> Information provided
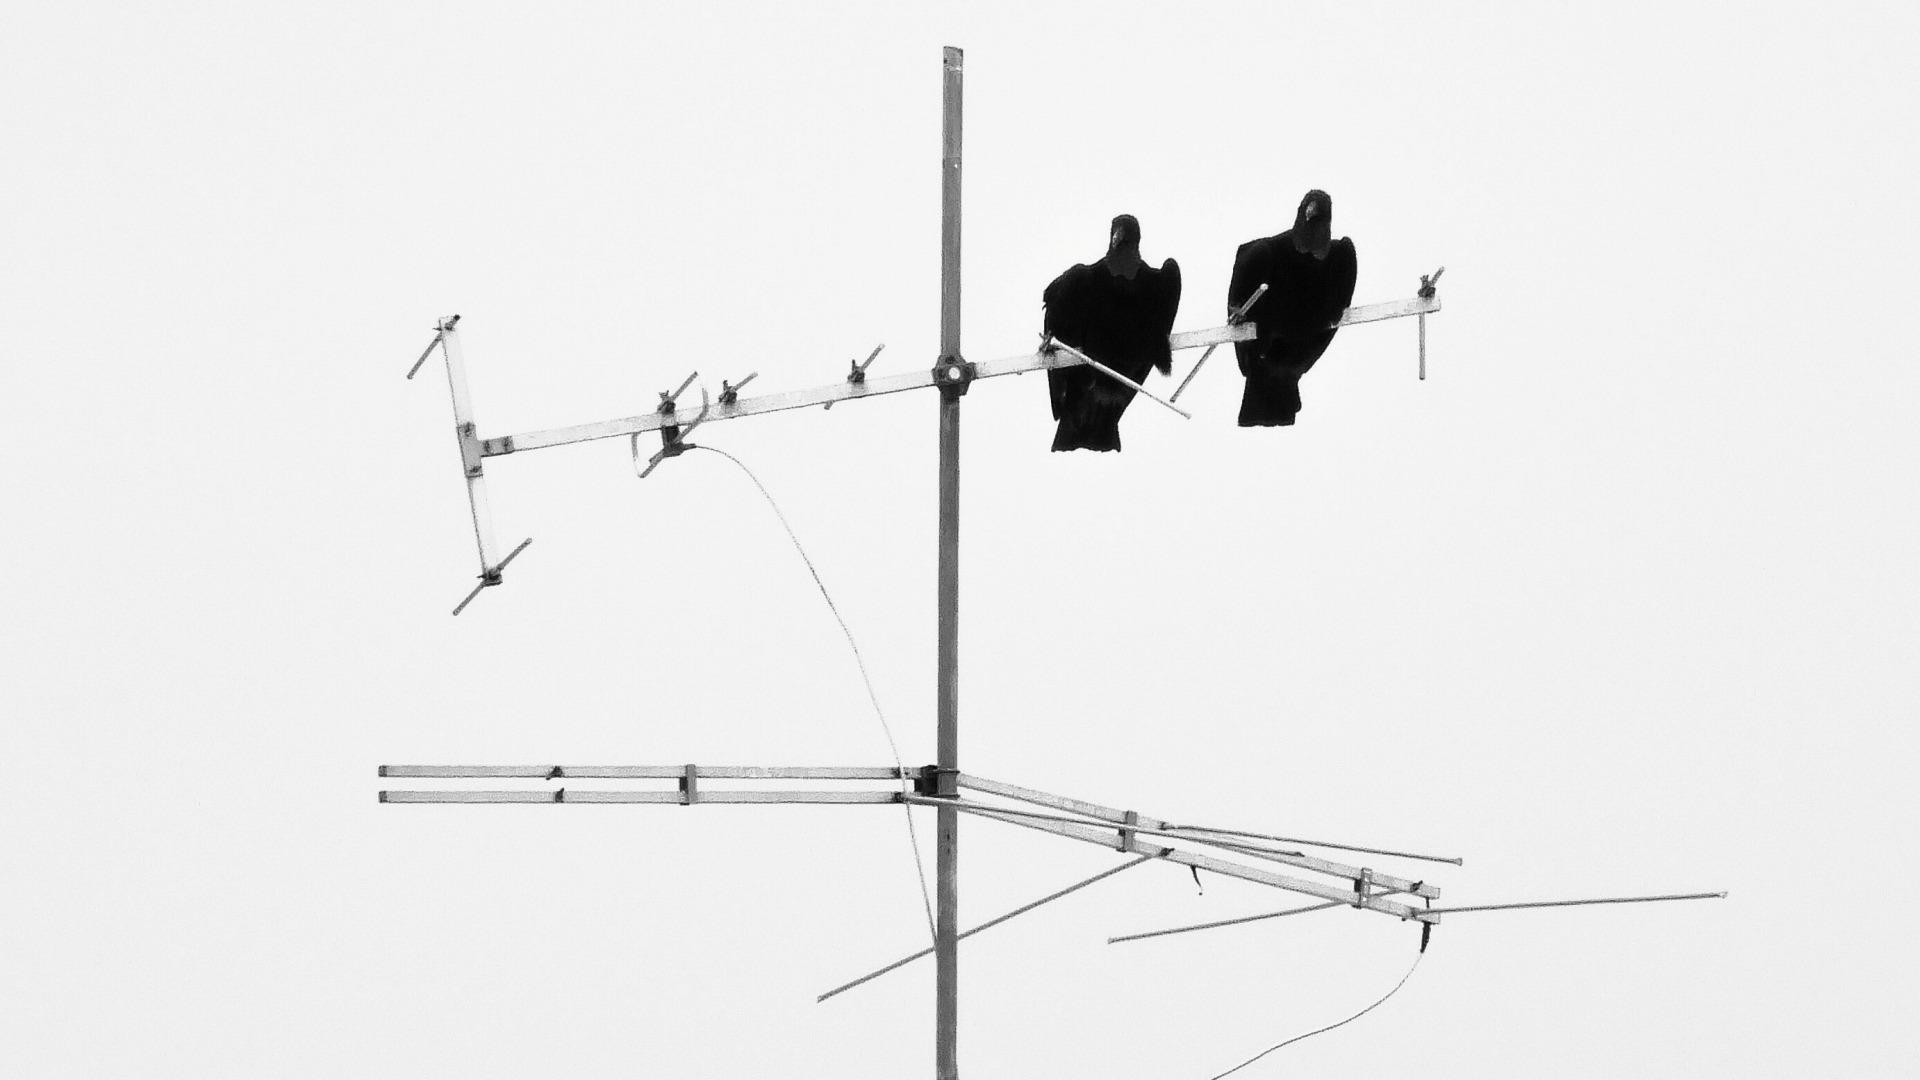 Instalacja okablowania antenowego Warszawa Raszyn
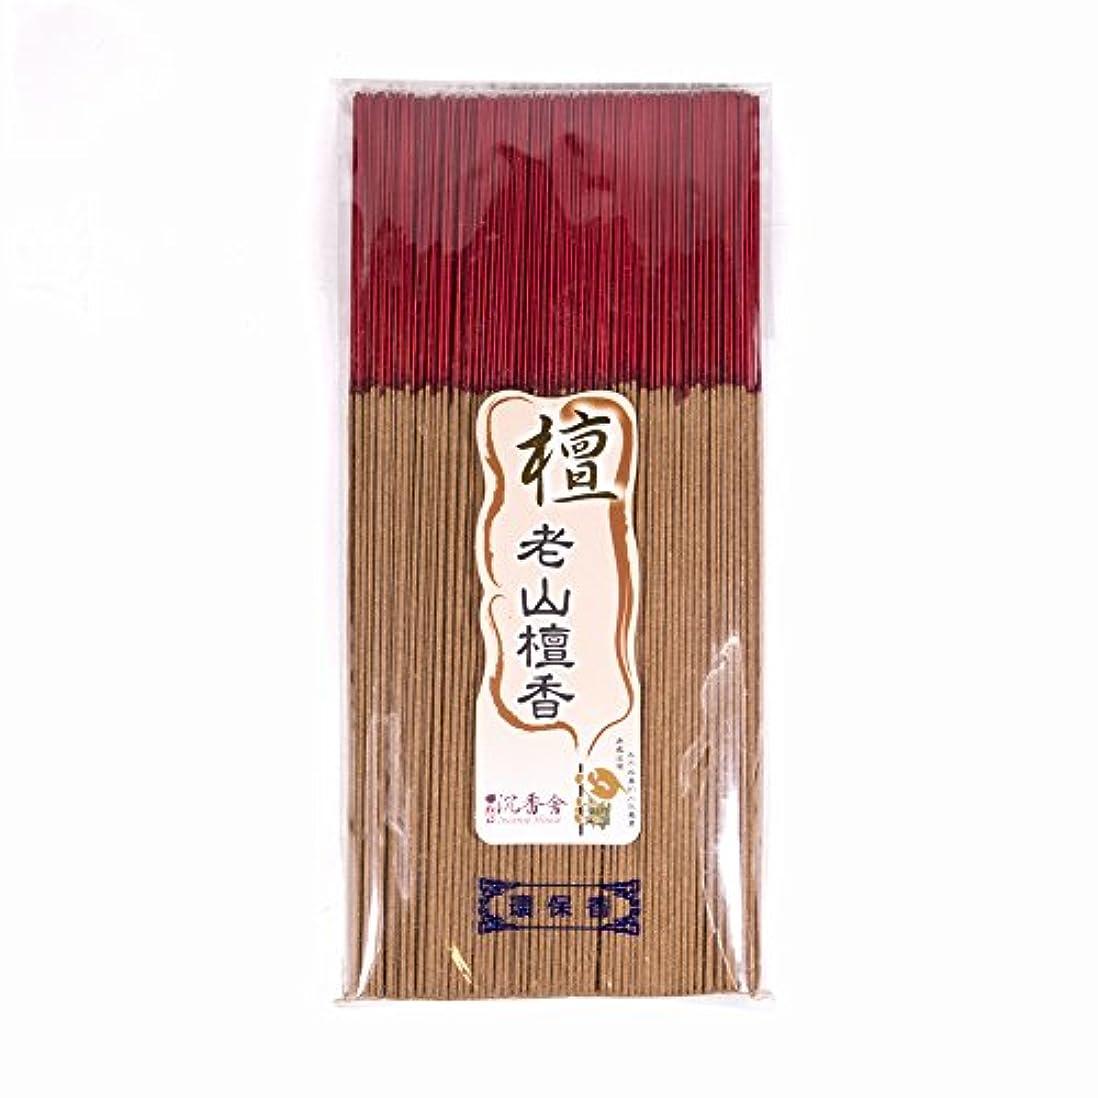 ピース依存魚台湾沉香舍 老山檀香 台湾のお香家 - 檀香 30cm (木支香) 300g 約400本
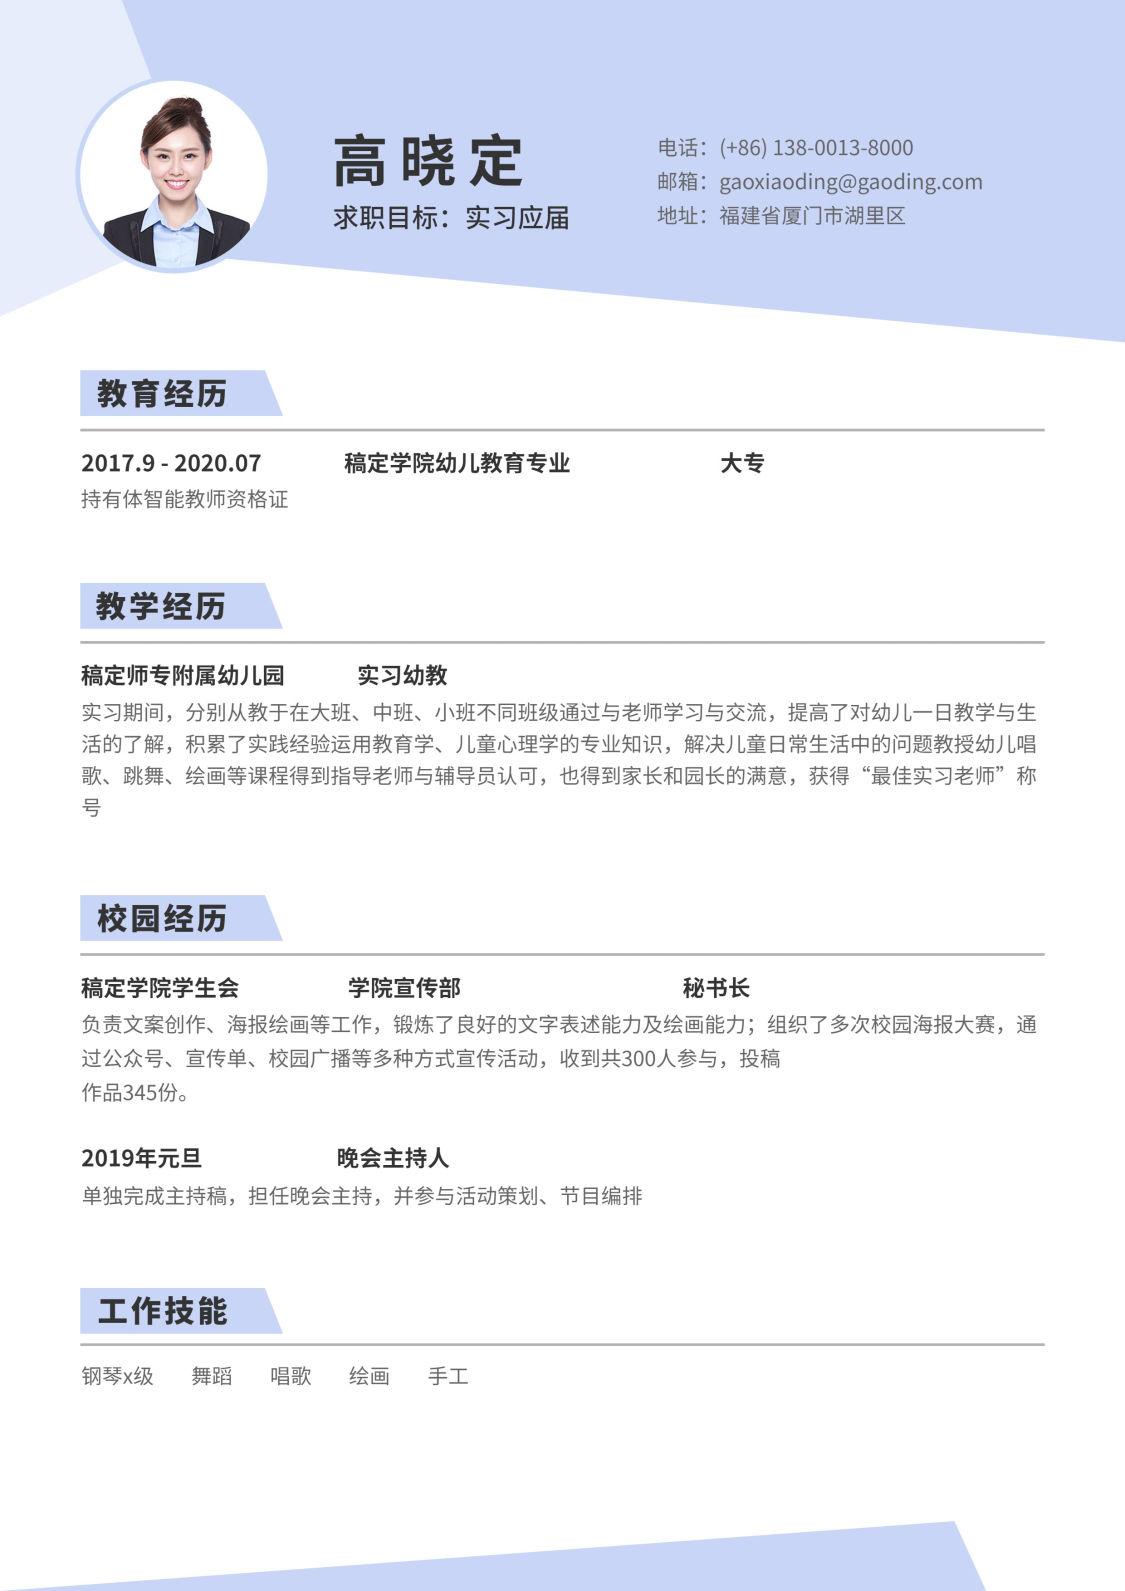 蓝紫扁平应届生幼师简历(实习经历)

> Exercise details
Begin at the line that contains "ピース依存魚台湾沉香舍 老山檀香 台湾のお香家" and transcribe exactly, and only, each line through the final line of the data above, both included; the pictures do not go in.

> Result for this task
 ピース依存魚台湾沉香舍 老山檀香 台湾のお香家 - 檀香 30cm (木支香) 300g 約400本
 蓝紫扁平应届生幼师简历(实习经历)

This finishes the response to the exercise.